Egan looked slowly over his shoulder at me. We waited in silence, and then Dodge came crawling back out with his flashlight and a cylindrical container. It was one of those cement mixing containers or fertilizer crates. Whatever label had been on the outside had long ago worn off. It was white, plastic, coated with streaks of dirt and mud, and sealed shut.
Dodge brushed the dirt from his uniform, wiped his hands against the sides of his pants.
Egan slipped on his own pair of gloves before bracing the container between his legs and peeling back the top. Inside, there was a bottle of bleach, yellow gloves, a scrubbing brush, and rags underneath.
“She cleans houses,” I said. This must’ve been where she kept her supplies, which she would then load into the back of the car.
“I thought she worked at a motel,” Kyle said. He squinted from the sun low in the sky, flipped his shades down over his eyes, his expression shuttered.
“Both. She did both,” I said.
“Do you know of any specific homes?”
“No,” I said.
He gestured toward the container. “This is hers, then?”
“I don’t know. It could be. Or it could be the owner’s. I really don’t know.”
“There’s something more under there,” Dodge said, shining his light back underneath. “Or there used to be.”
We all crouched down to follow the beam of light, to where I could see a mound of fresh dirt, kicked up. “Something used to be here.”
Something buried under the house. Or something digging.
“I told you, we get animals,” I said. “Cats, mostly.”
The scratching under the porch, echoing in the floorboards.
I imagined the noise in the middle of the night, the night when everything changed. The dog barking next door, the woman found down by the lake—the day I realized Emmy had been gone.
All those sounds in the dead of night.
It’s nothing, Leah.
Just the cats.
* * *
THEY STARTED WITH THE questions that evening, all three of them sitting around the kitchen table, taking notes. Asking again when I had last seen Emmy—James Finley had been dead for a while, on first look. Now they were paying close attention. Sifting through the details. Circling around and brushing up against something that made me bristle, that made me worried. The way they were asking, the way they were circling around it, not quite bringing it to the surface. As if Emmy herself might be a suspect. And I had to shape the story. I had to make them understand: She was not. Something had happened to her.
So when they asked about her state of mind, whether she was scared or worried, I told them maybe. I told them about that morning she went missing, how she was watching the woods for something. How she told me not to worry, how I was in a rush and left. And I noticed Kyle taking it all in, this account slightly different from the first time. I was giving him more, a fuller picture—the truth, then. I had to hold nothing back.
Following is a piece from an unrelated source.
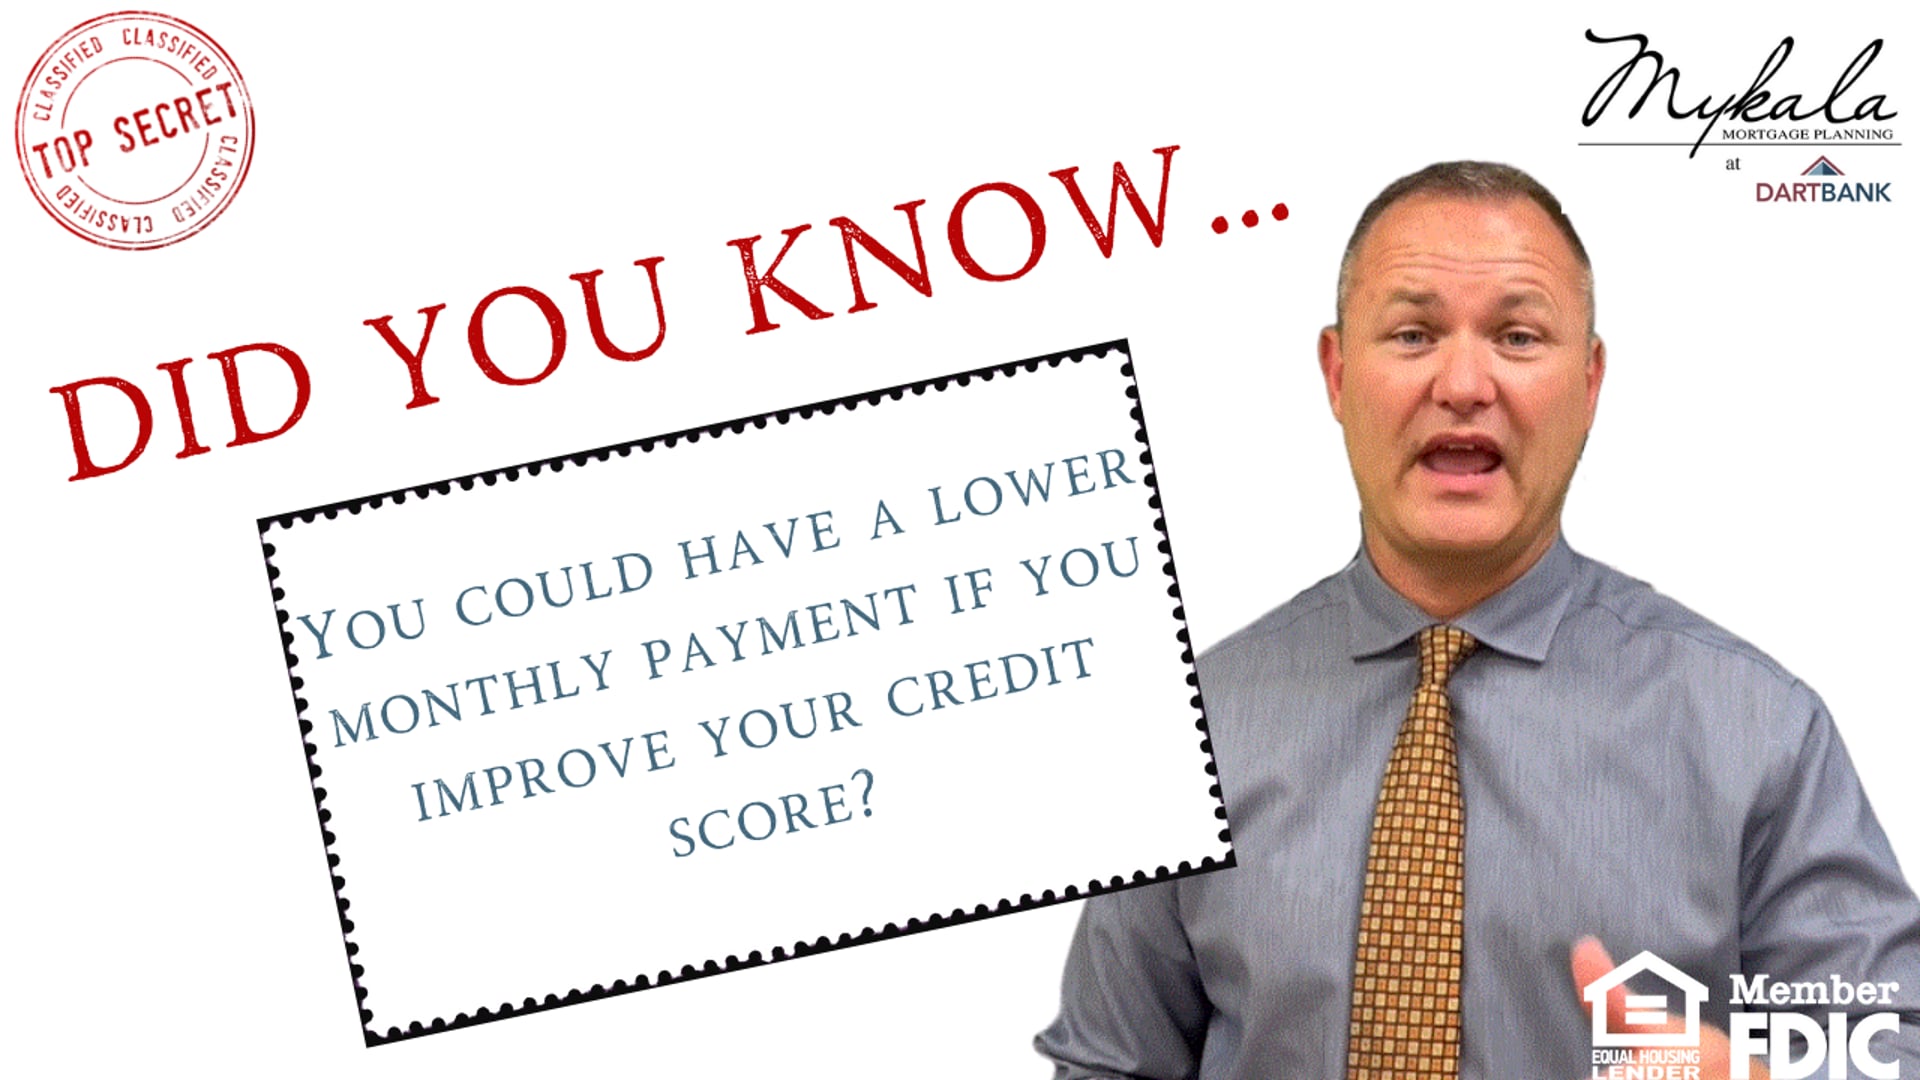 Higher Credit Score, Lower Monthly Payment

“I gave Officer Dodge her necklace,” I added, so they would remember. She had struggled on the back porch. Her necklace broke and fell, and she’d never come back for it. She couldn’t.
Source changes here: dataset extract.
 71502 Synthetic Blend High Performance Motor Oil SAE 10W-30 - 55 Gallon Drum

“Is this in character? Was it like her to just take off? Leave?” Kyle asked.
“No,” I said, but the word hovered in the air, unfinished, uncertain. I was sure they could feel it, the doubt creeping in.
“Okay, then,” Kyle said, pushing his chair back to stand.
“Thank you, Ms. Stevens, for your help,” Clark Egan said, mirroring Kyle, and Officer Dodge followed in kind.
“Will you be okay here?” Kyle asked, though his face gave nothing away. Nothing to make the other men look twice. Nothing to let me know whether his concern was for more than the typical bystander.
“Yes,” I said. “I’m exhausted.” I saw the faintest twitch of his lips, an indication of a secret only he and I knew.
They left the place much as they found it, even pushing the white container back under the porch, though not as deep as it was. But when I shut and locked the door behind them, the house felt different. The chairs were askew, and the scent of them lingered. There were shoe prints on the floor, and I couldn’t remember if they’d been there all along—nothing was as it had seemed.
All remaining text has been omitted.